The civil remedies allowed under FARA vary depending on whether the plaintiff is the patient, the patient's spouse, or their surviving children. All living plaintiffs may recover compensatory and punitive damages, court costs, and reasonable attorney fees. Id. § 714I.4(3), (4). If the patient or her spouse is living, they can also recover a $200,000 statutory penalty. Id. § 714.4(3)(b). And the fertility doctor found to be the biological parent is personally liable for child support, medical support, and college expenses. Id. § 714I.4(3)(a).3 The biological children of the fertility doctor are entitled to a statutory penalty of $5,000. Id. § 714I.4(4)(a). FARA thereby imposes substantial new civil liability to conduct within its reach. “Statutes which specifically affect substantive rights are construed to operate prospectively unless legislative intent to the contrary clearly appears from the express language or by necessary and unavoidable implication.” Anderson Fin. Servs., LLC v. Miller, 769 N.W.2d 575, 578 (Iowa 2009) (quoting Baldwin v. City of Waterloo, 372 N.W.2d 486, 491 (Iowa 1985) (en banc)); see also Hedlund, 991 N.W.2d at 759 (describing the result in Anderson Financial Services as consistent with the second prong of our revised test). Such language is not found in section 4 of FARA.

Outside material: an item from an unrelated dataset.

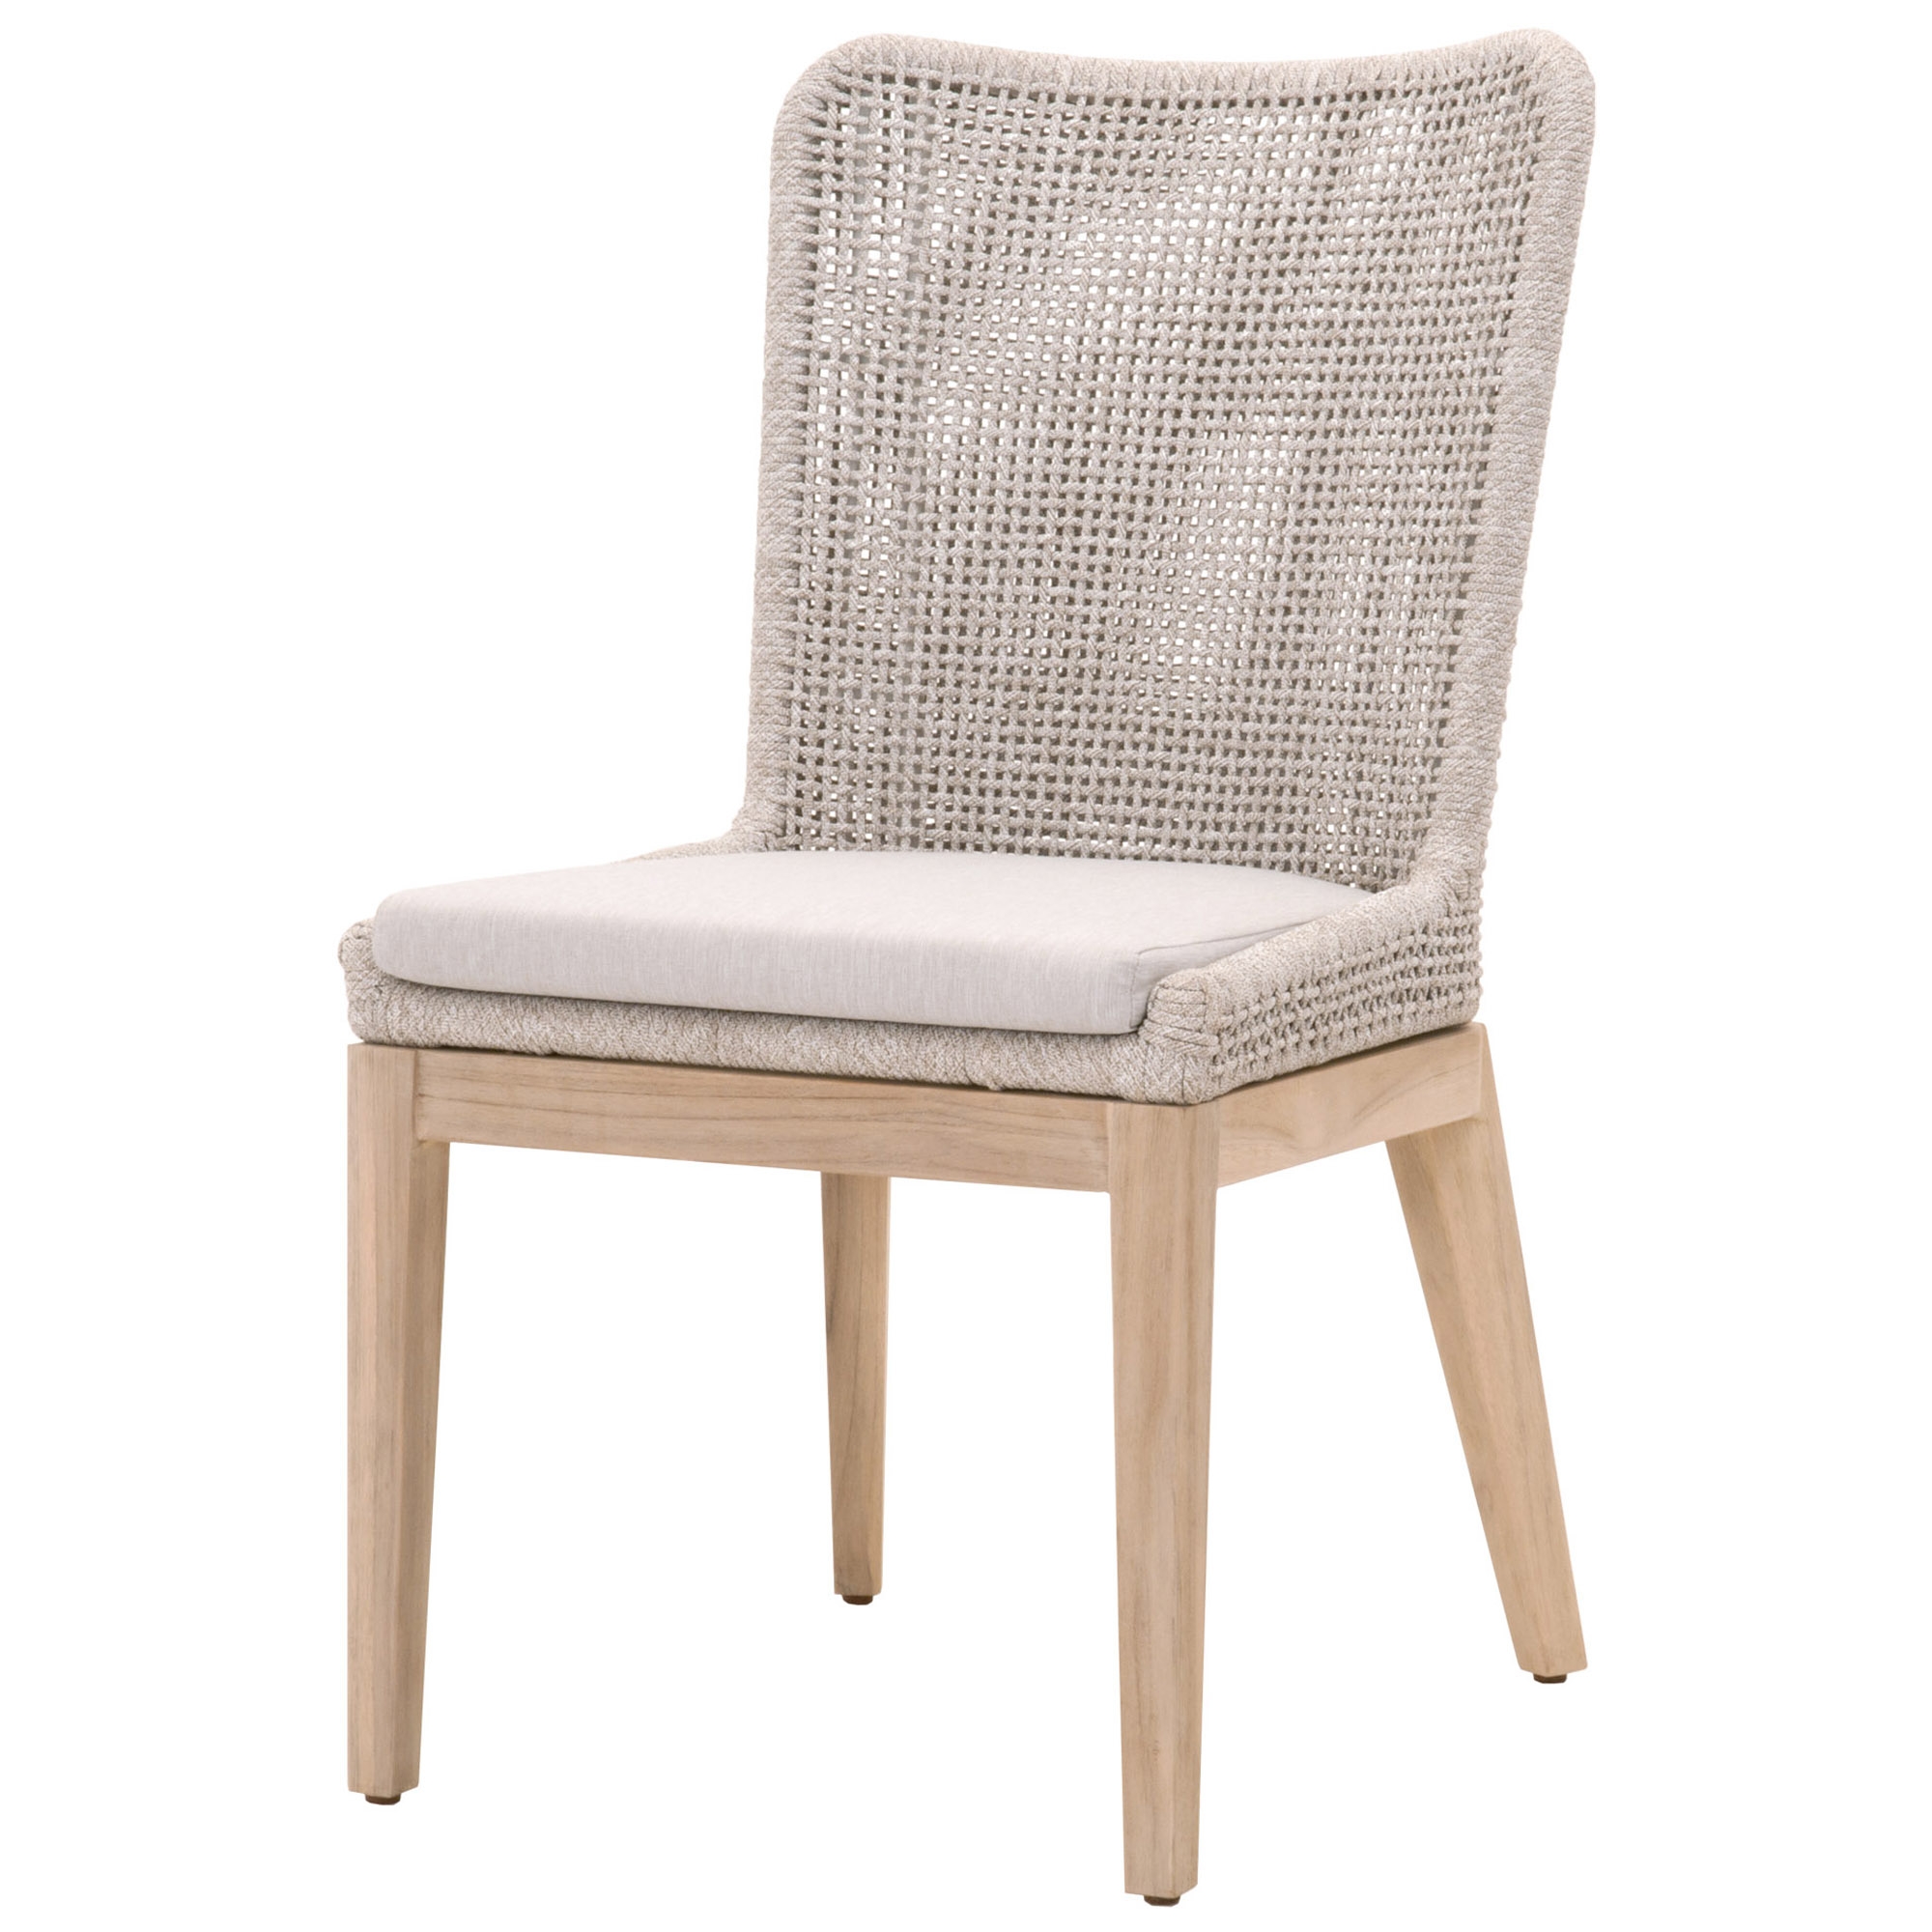 Mesh Outdoor Dining Chair, Gray, Set of 2 - Image 0

The plaintiffs’ argument that FARA applies retroactively relies primarily on Iowa Code section 714I.4(6), which provides:
Notwithstanding any provision of law to the contrary, an action brought pursuant to this section is not subject to a statute of limitations and may be commenced at any time.

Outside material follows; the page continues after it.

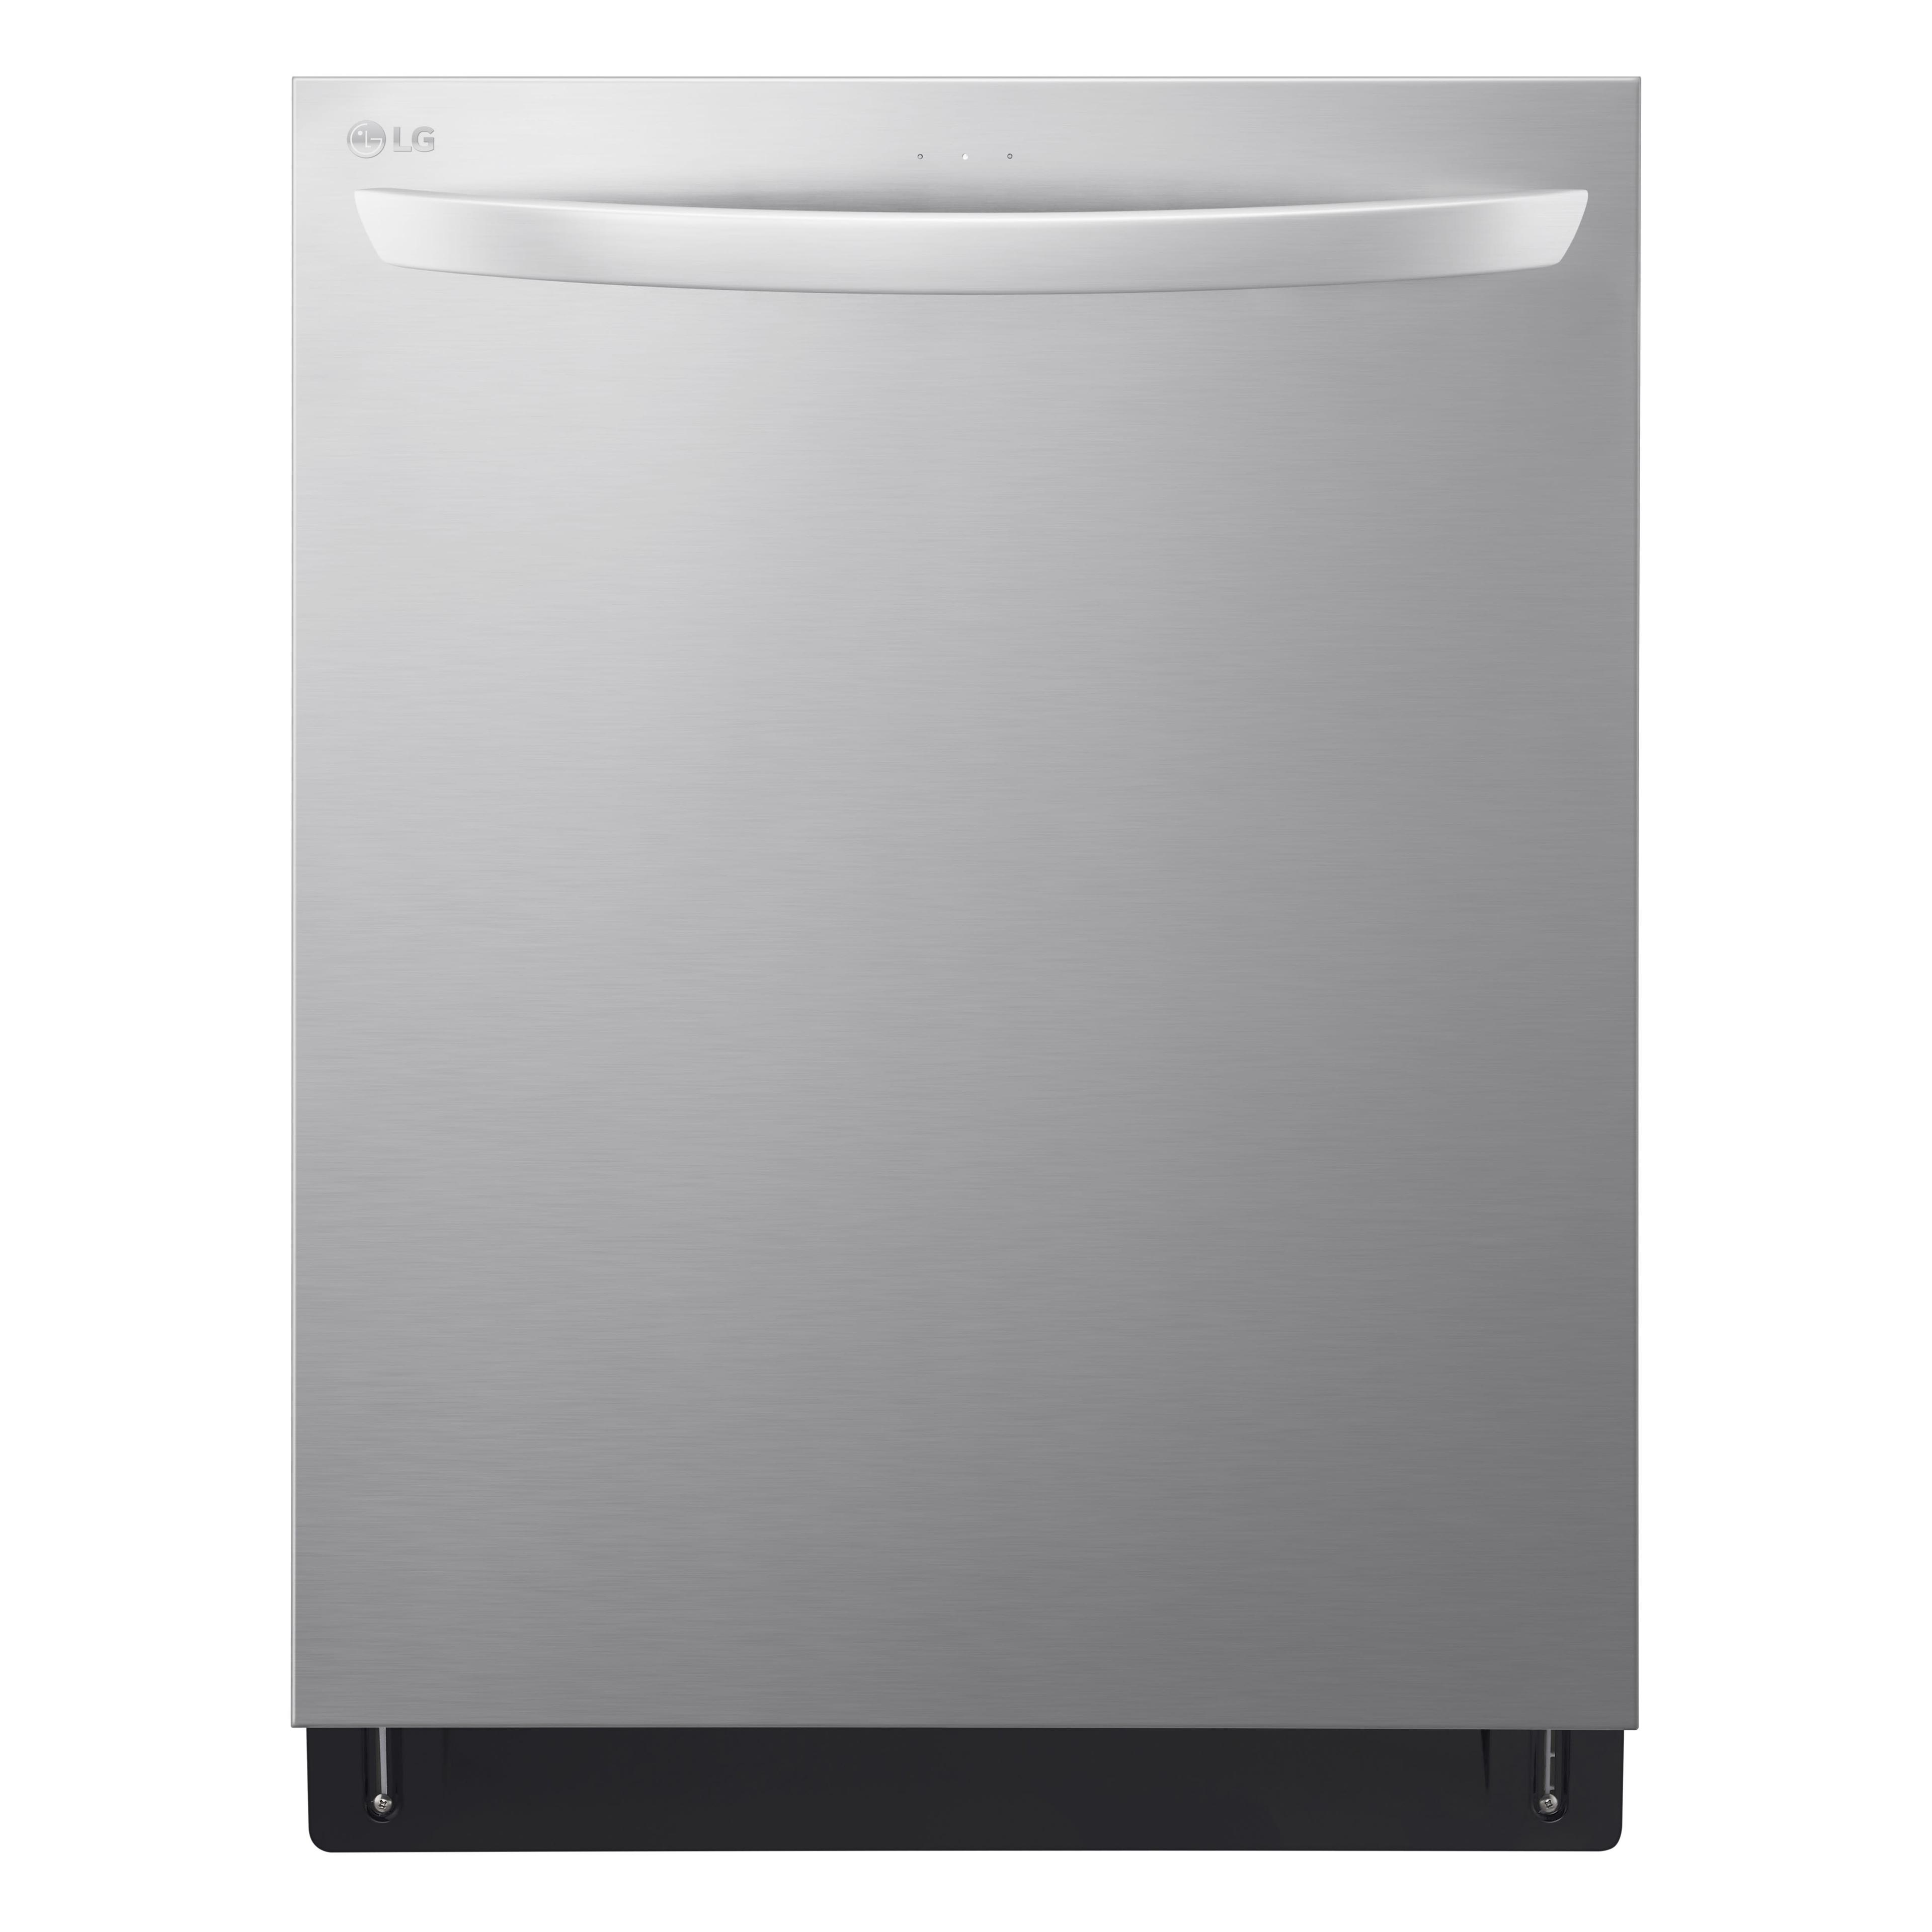 LG LDTS5552S 24 Inch Fully Integrated Smart Dishwasher in Stainless Steel

The district court noted that this provision simply shows a “legislative intent for chapter 714I to apply prospectively without time limits ․ [and] only describes how statutes of limitations apply to this chapter, not the application of the chapter to cases preceding FARA's effective date.” We agree. A statute of limitation sets a deadline for when a party can sue; it does not define what conduct is subject to suit. See, e.g., Cianzio v. Iowa State Univ., 14 N.W.3d 716, 720 (Iowa 2024) (“These statutes of limitations set the time limit by which a party must pursue an action or claim, but they have no necessary relationship to the damages available for an action or claim that is timely filed.”). Section 714I.4(6) simply eliminates any time-bar when future violations of FARA are discovered through DNA testing more than six years after the fertility treatment, notwithstanding the general six-year statute of repose for medical malpractice claims in Iowa Code section 614.1(9)4 or any other general limitations statute. Subsection 6 nowhere refers to conduct preceding FARA's enactment. In Frideres v. Schiltz, we held that the 1990 enactment of Iowa Code section 614.8A, which extended the statute of limitations for civil suits alleging sexual abuse of a minor, did “not apply retroactively to revive claims that have been barred by an applicable statute of limitations in existence prior to the enactment of section 614.8A.” 540 N.W.2d 261, 267 (Iowa 1995) (en banc). We reach the same conclusion as to Iowa Code section 714I.4(6).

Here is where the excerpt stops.